Considering how simple a mechanism this appears to be I'm at a loss to explain the behavior, I'm using Volvic with a bit of Brita filtered water and I haven't descaled the machine yet but I don't understand how that would affect how well the barrel floats.


----------



## CoffeeJohnny (Feb 28, 2011)

Will have a look at mine see if I can have some idea.


----------



## Ran1 (Oct 22, 2013)

I dont know the Musica Tank machine but it sounds like a similar system to a Rancilio S24.

Does your machine have a plastic tube connected to the plastic cylinder? If yes, check the tube for splits.


----------



## SimonB (Sep 12, 2013)

Ran1 said:


> I dont know the Musica Tank machine but it sounds like a similar system to a Rancilio S24.
> 
> Does your machine have a plastic tube connected to the plastic cylinder? If yes, check the tube for splits.


There's no tube that I've noticed, the little plastic barrel seems to have regained its buoyancy when the machine has warmed up and after I left it to dry overnight. Perhaps it's porous and needs to recharge? I must be missing something obvious...

I'll post some pictures tomorrow once I've emptied the tank (with the last of my jampit







).


----------



## El carajillo (Mar 16, 2013)

Looking on/line at an exploded view of the Musica it appears that the piece in the tank corresponds with another one underneath the tank.I would suspect that this works in a similar manner to how elec/tooth brush charges without direct contact,, in your case passes power/signal.Sorry can`t be more helpful.


----------



## lukeap69 (Apr 23, 2013)

I remember that happening to me once when I had forgotten to fill the tank and the no water indicator lit.

Even after filling the tank with water, the no water indicator would not turn off. I had to turn off the machine main power off few times, the it normalised.

This may solve your problem.


----------



## SimonB (Sep 12, 2013)

Thanks for the replies!









This is inside the tank, that's the little barrel I mentioned, there's 2 plastic tabs on either side which prevent it from floating up into the rest of the tank.









That's the view from outside the tank, the hole is actually just where the plastic has been punched in for those 2 tabs stopping the barrel you can see from inside. It's hard to see but there appears to be two halves with the bottom one being darker.









This is inside the Musica, the bottom metal part which looks a like a button I think is the actual probe so when the barrel sinks to the bottom (as it should when there's too little water) it comes close enough to the probe and the machine reports an empty tank. I don't know what function the metal bar on the right provides.

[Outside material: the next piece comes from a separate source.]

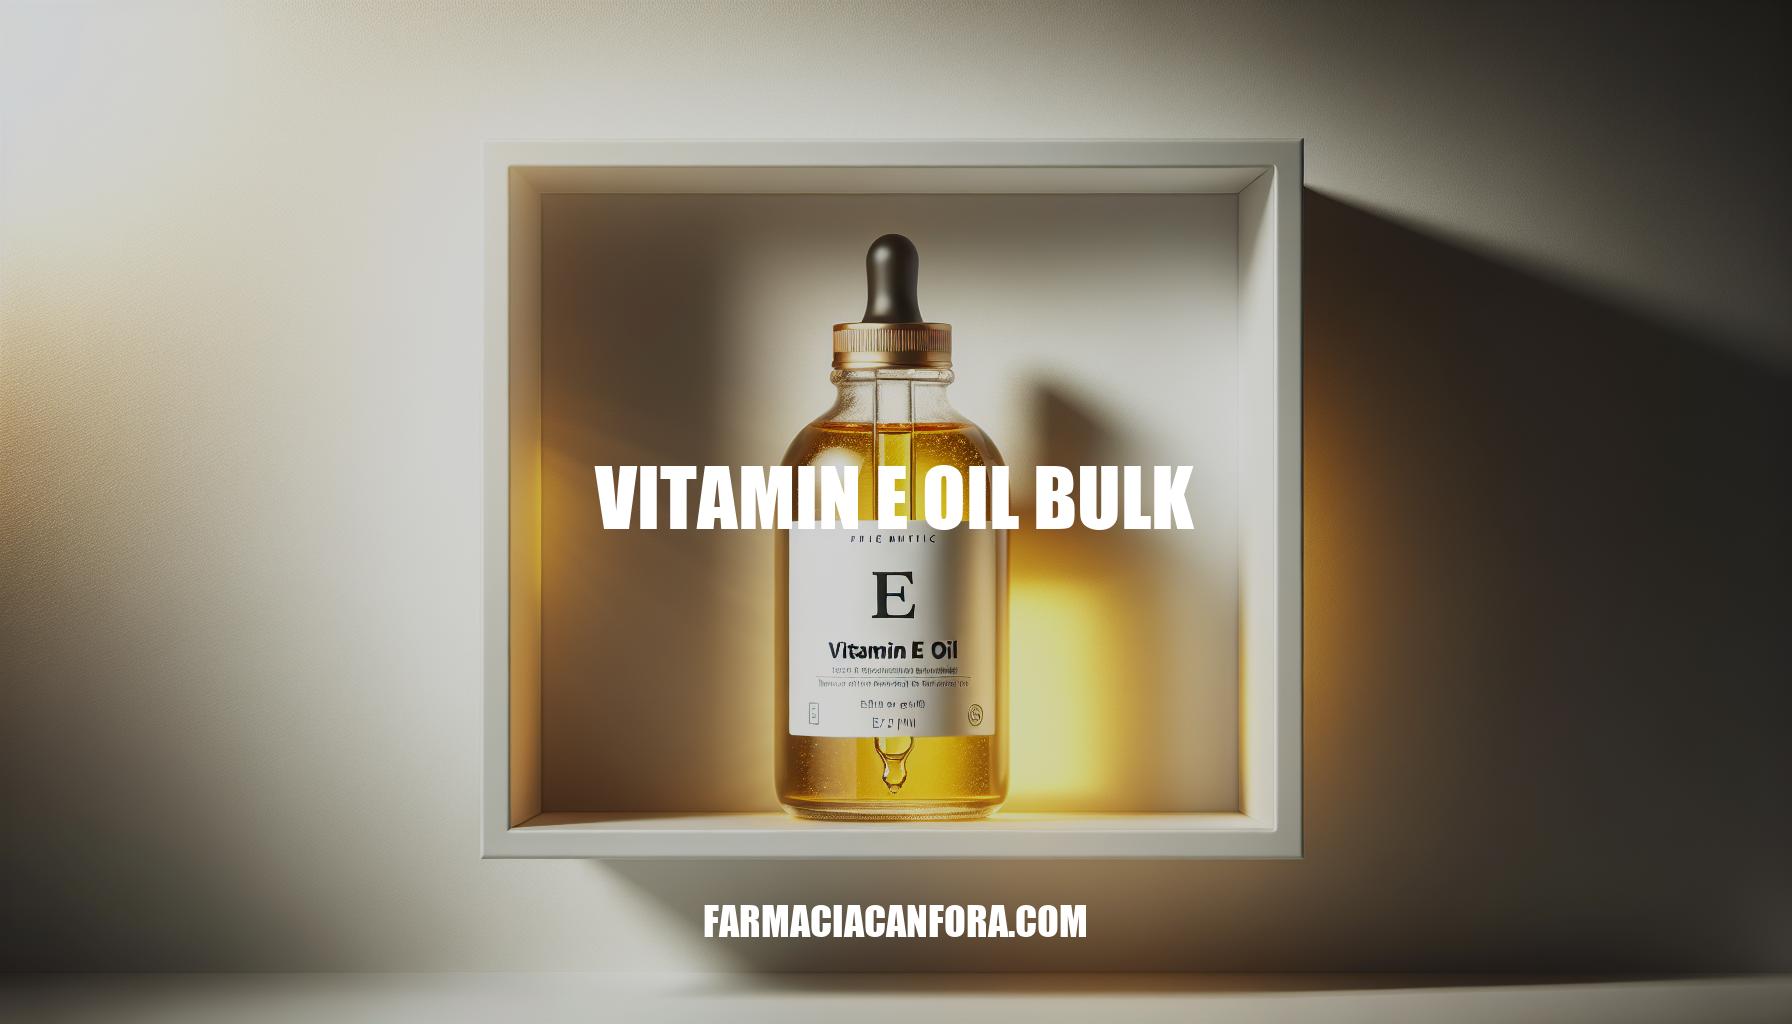 Bulk Vitamin E Oil: Essential Guide for Purchase and Storage

So far I've had this problem only occur twice, as I mentioned the barrel appears sealed but it's behavior indicated this was either incorrect or the example of the kettle/electric toothbrush but that sounds like a complicated method for such a simple task considering there's little chance of the barrel rupturing?

The more I know the less I know...


----------



## mike.khan.140 (Oct 26, 2013)

The float will have a magnet in it. The metal bit in the frame beneath the tank is a reed switch, or possibly a hall-effect sensor. These are both activated by the presence of a magnet. The little metal bar is probably attached to a micro switch so the machine knows whether the tank is in place or not.

Sounds like the float has lost its buoyancy.


----------



## SimonB (Sep 12, 2013)

Sounds about right and the magnet would explain why the float would be fine outside and then drop once inside the machine.

Still not clear on why the buoyancy of the float would change, besides the two times I mentioned earlier in the thread it's floated to the top without an issue.


----------